I tried to change input parameters and results are same essentially, I would like to know if this
speed is expected and the possibility to improve?
Thanks very much for helps, Lisheng
RE: getText() performance in PDFBox 1.5 release
Posted by "Zhang, Lisheng" <Li...@BroadVision.com>.
Hi,
By using PDFBox 1.6 my problem is solved, the time is reduced to 33s
(with 1.5 is 50m). The parameter suppressDuplicateOverlappingText
did not make much difference, I guess that's because my PDF does not
have big overlap (the resulting TXT is slightly different, but not
very much).
Thanks very much for helps!!!
Lisheng
-----Original Message-----
From: Zhang, Lisheng [mailto:Lisheng.Zhang@broadvision.com]
Sent: Friday, November 04, 2011 4:02 PM
To: users@pdfbox.apache.org
Subject: RE: getText() performance in PDFBox 1.5 release
Thanks very much for pointing that out!!!
I downloaded Tika 0.10 a few days ago and CHANGES.txt attached did
not mention PDFBox 1.6, based on that CHANGES.txt I thought Tika
used 1.4.
I will download PDFBox 1.6 and retest.
Best regards, Lisheng
-----Original Message-----
From: Andreas Lehmkuehler [mailto:andreas@lehmi.de]
Sent: Friday, November 04, 2011 3:40 PM
To: users@pdfbox.apache.org
Subject: Re: getText() performance in PDFBox 1.5 release
Hi,
Am 04.11.2011 20:34, schrieb Zhang, Lisheng:
> Hi Mike,
>
> Thanks very much, I tested and result is the same, from source code
> it seems that suppressDuplicateOverlappingText parameter does not
> have effect if I call PDFTextStripper.getText(..) directly. I will
> check more to see if I can use method processEncodedText(..).
>
> Which version of PDFBox did you use (Tika has not used PDFBox 1.5 yet)?
According to [1] Tika 0.10 uses PDFBox 1.6. which includes some improvements
related to performance.
> Best regards, Lisheng
> <SNIP>
BR
Andreas Lehmkühler
[1] http://www.apache.org/dist/tika/CHANGES-0.10.txt
RE: getText() performance in PDFBox 1.5 release
Posted by "Zhang, Lisheng" <Li...@BroadVision.com>.
Thanks very much for pointing that out!!!
I downloaded Tika 0.10 a few days ago and CHANGES.txt attached did
not mention PDFBox 1.6, based on that CHANGES.txt I thought Tika
used 1.4.
I will download PDFBox 1.6 and retest.
Best regards, Lisheng
-----Original Message-----
From: Andreas Lehmkuehler [mailto:andreas@lehmi.de]

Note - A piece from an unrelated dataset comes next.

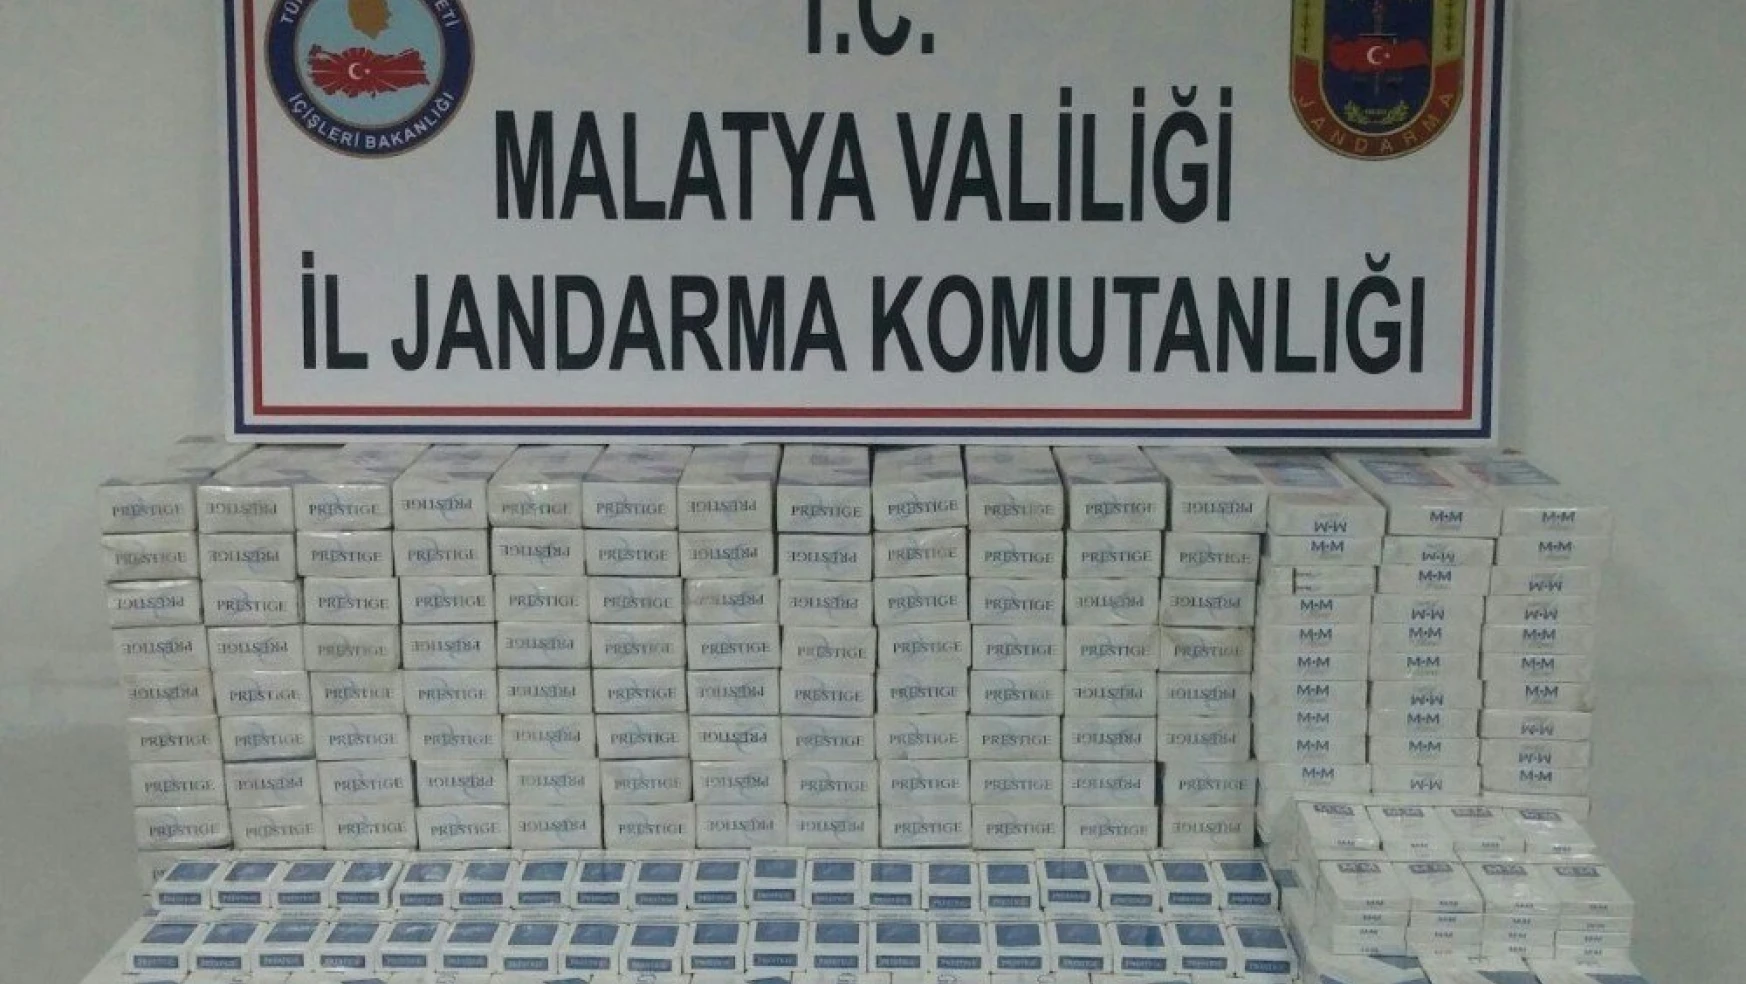 Malatya'da 2 bin karton kaçak sigara ele geçirildi

Sent: Friday, November 04, 2011 3:40 PM
To: users@pdfbox.apache.org
Subject: Re: getText() performance in PDFBox 1.5 release
Hi,
Am 04.11.2011 20:34, schrieb Zhang, Lisheng:
> Hi Mike,
>
> Thanks very much, I tested and result is the same, from source code
> it seems that suppressDuplicateOverlappingText parameter does not
> have effect if I call PDFTextStripper.getText(..) directly. I will
> check more to see if I can use method processEncodedText(..).
>
> Which version of PDFBox did you use (Tika has not used PDFBox 1.5 yet)?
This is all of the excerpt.